My version is 8.0 SP11.

I have a batch job which contain several compliance jobs (22). When I run the batch job I only the first 5 compliance jobs in the task view.

If I open the result log of the batch job I can see all the others are supposed to be launched. But nothing happens even for the 5 I see in the task view.

I have no entries in the appserver.log except the ones about the run of the jobs.

When I open the result log of a compliance job, there's also nothing except the line that say the job is running.

I have waited up to one hour but the 5 first jobs don't move.

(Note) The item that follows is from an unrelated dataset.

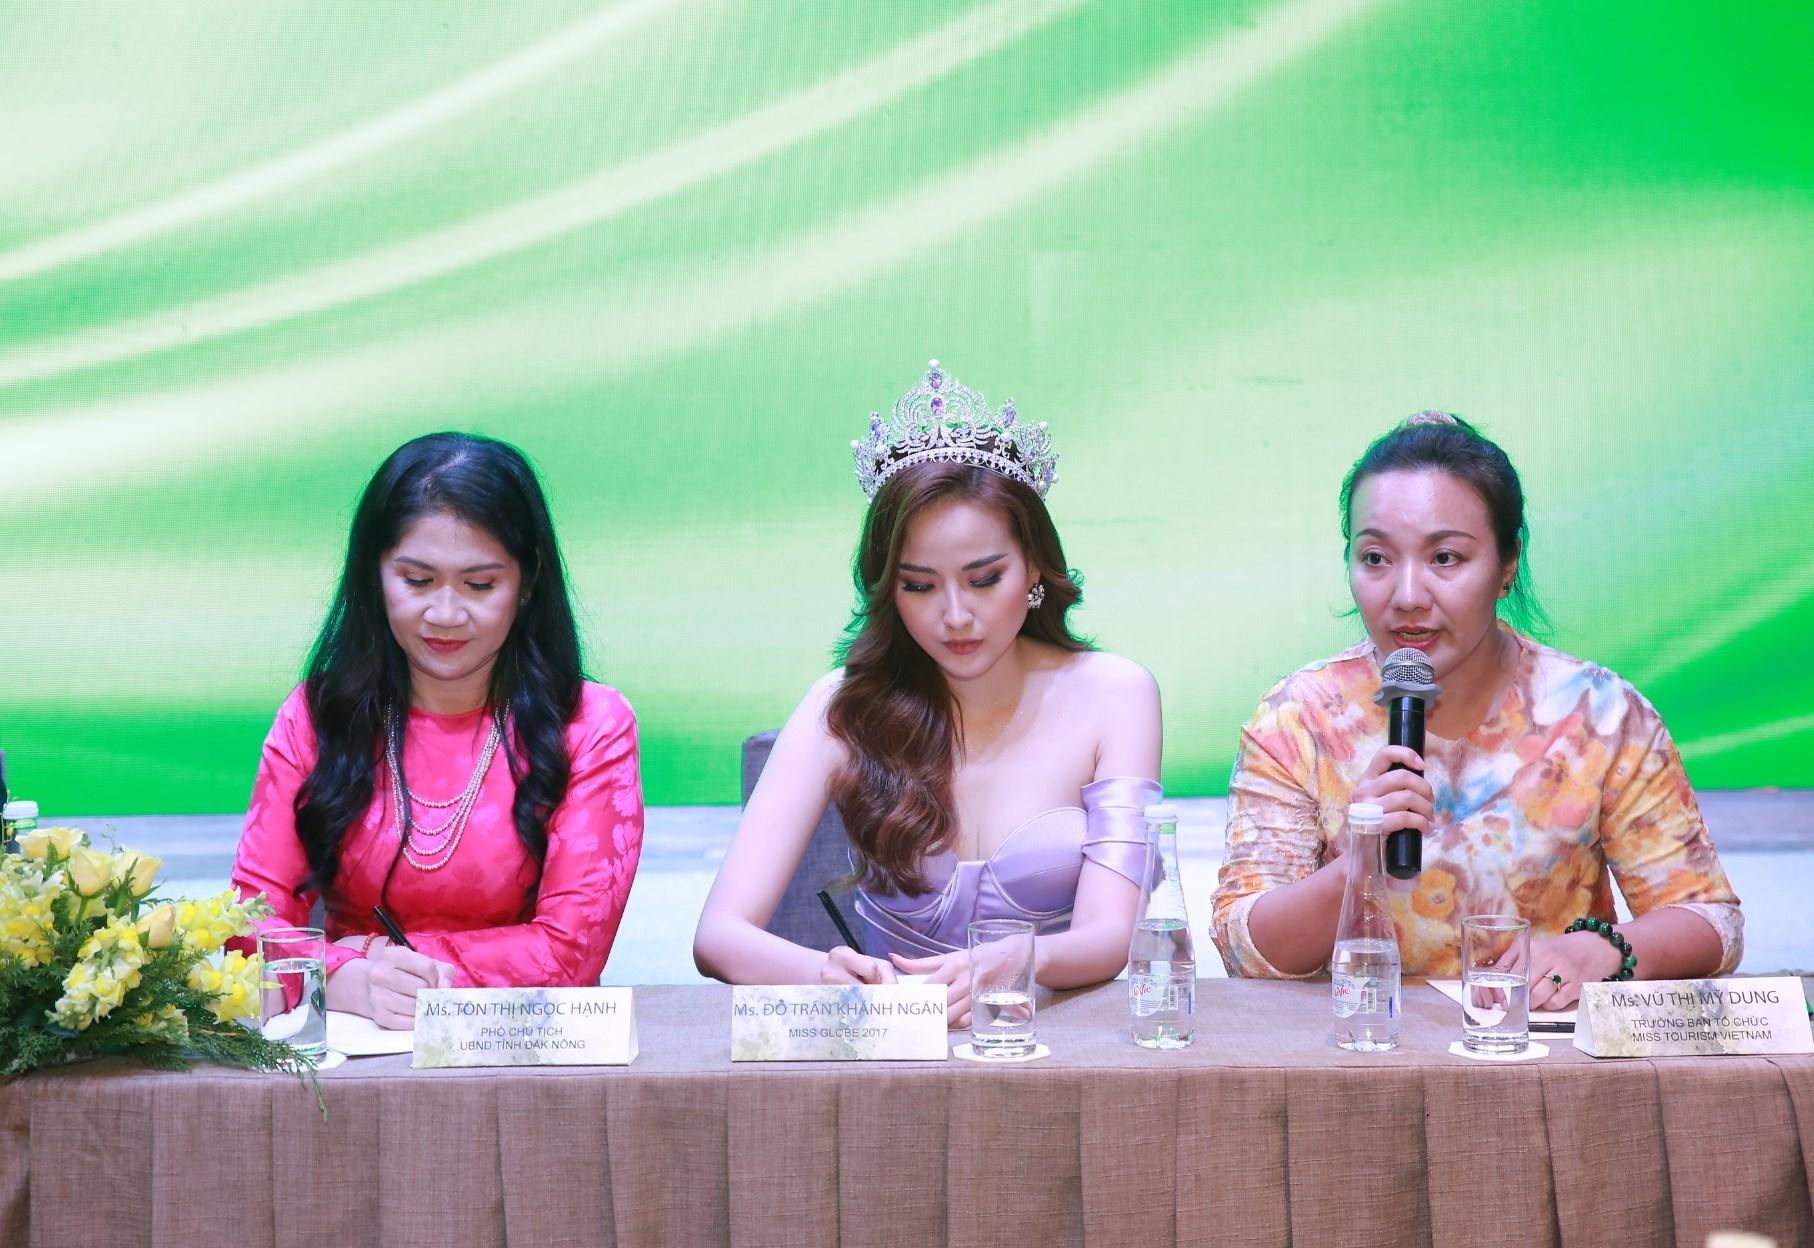 Bà Tôn Thị Ngọc Hạnh, Phó Chủ tịch Tỉnh Đắk Nông (áo đỏ) tham dự họp báo với Hoa hậu Ngân Khánh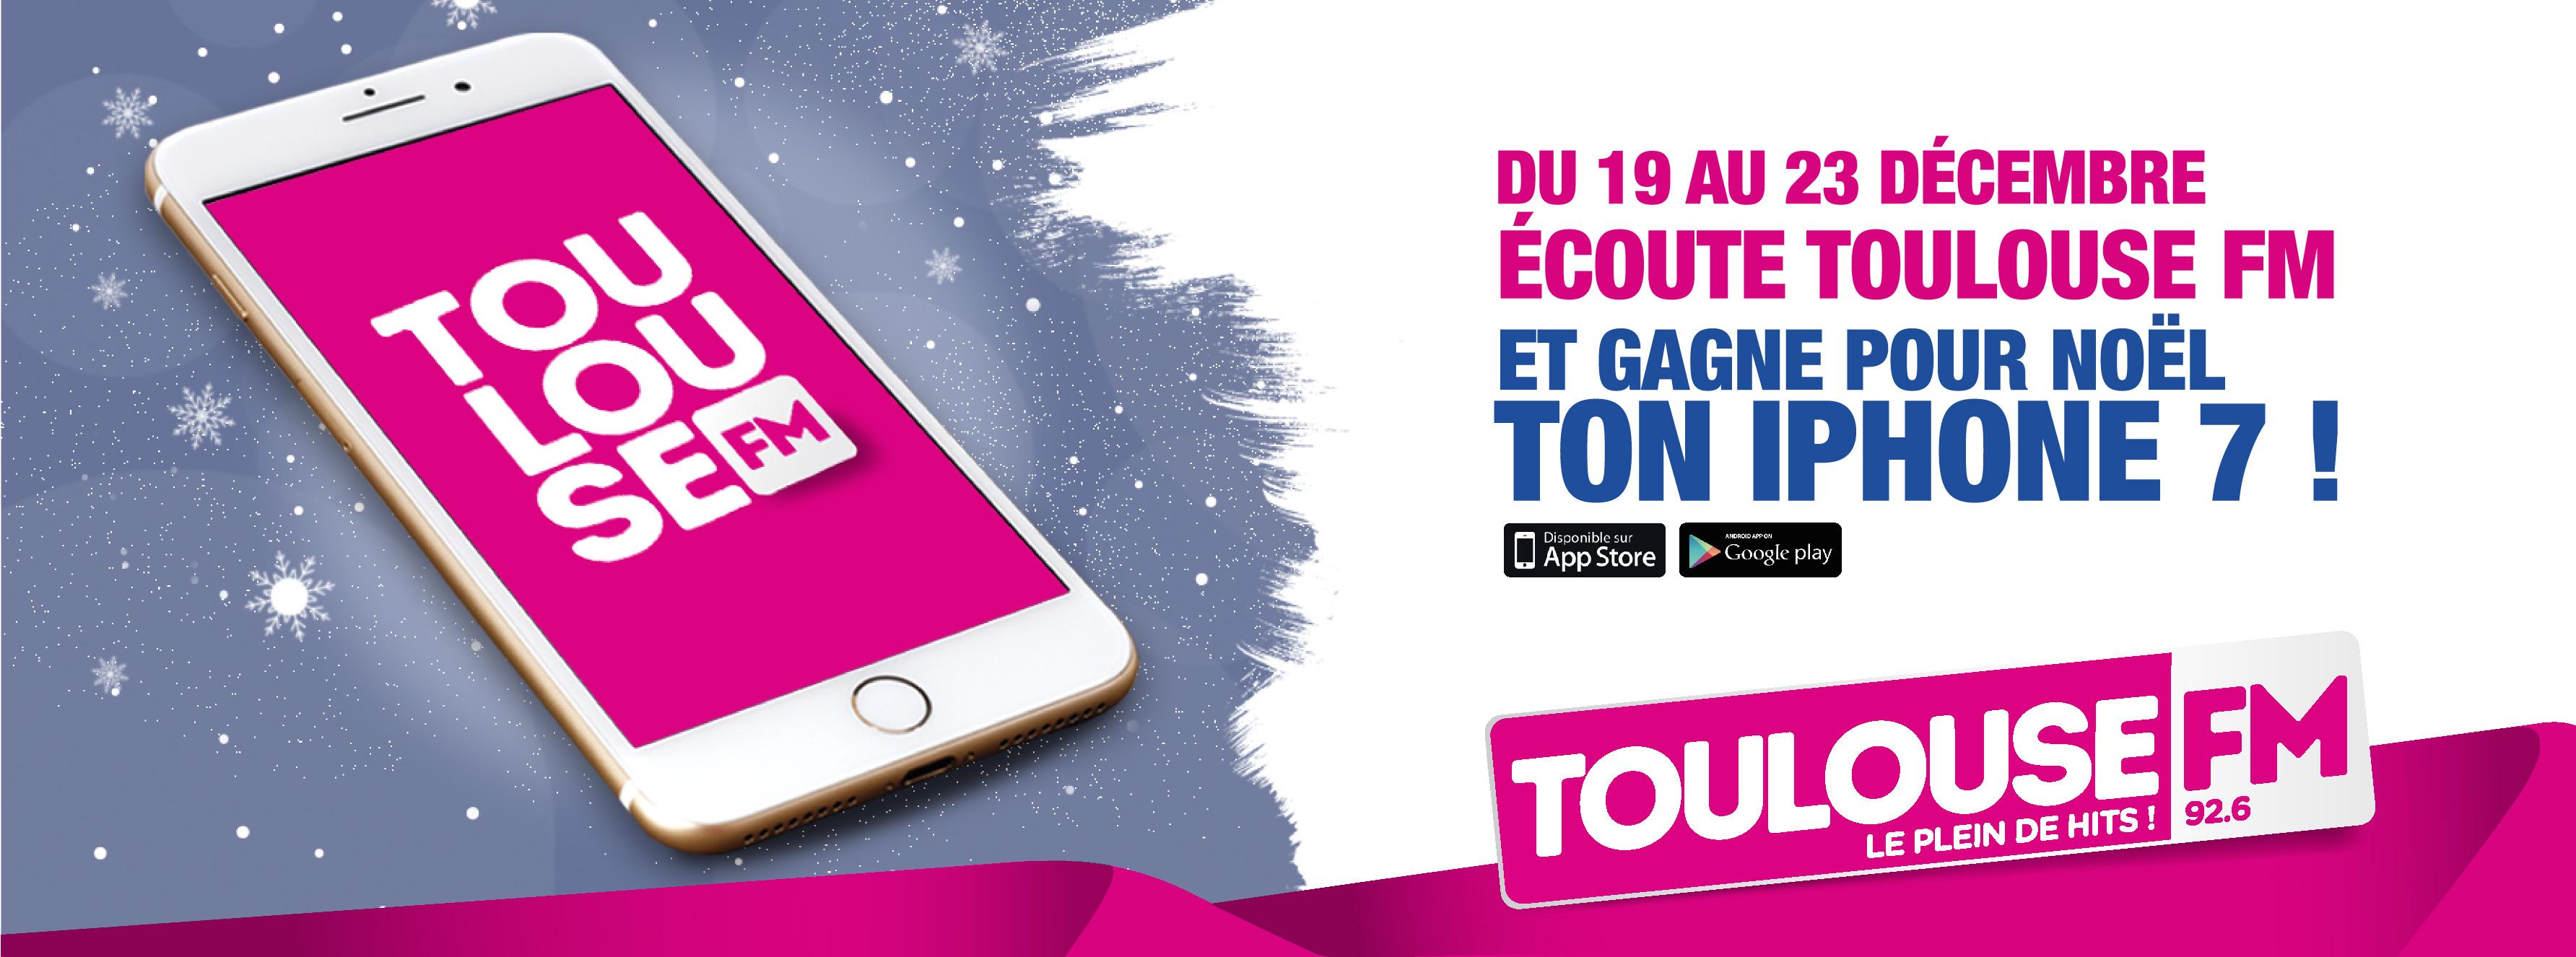 Pour Noël, Toulouse FM offre un iPhone 7

I have try the create the compliance jobs, restart appservers, reboot all the infra but with the same result :-(

Does anyone has an idea or suggestion on my issue ?

 

Regards

 

Johann

  • 1. Re: help on issue with compliance jobs hanging
    Sean (BladeLogic Fan) Berry

    How many appservers do you have, and are they on more than one host?

  • 2. help on issue with compliance jobs hanging
    Joe Piotrowski

    I would try to break it down into smaller troubleshooting steps:

    - If you run the first compliance job outside of the batch job does it run successfully?

    - Is the batch job set to use job targets or specify targets?

    - Are your target servers online?

    - Do you use logic in your Smart Server Groups to only run against responding agents?

    - Do the rest of the compliance jobs run successfully individually?

    - What OS are your targets?

    - What version are your agents?

    - Have you run a USP job recently?

  • 3. help on issue with compliance jobs hanging
    Johann BIGOT

    Hi Sean

     

    I have 2 physical server each hosting 2 job server instances

  • 4. help on issue with compliance jobs hanging
    Johann BIGOT

    Hi Joe,

     

    1) I tried to run the same compliance jobs one by one outside the batch job but with the same result.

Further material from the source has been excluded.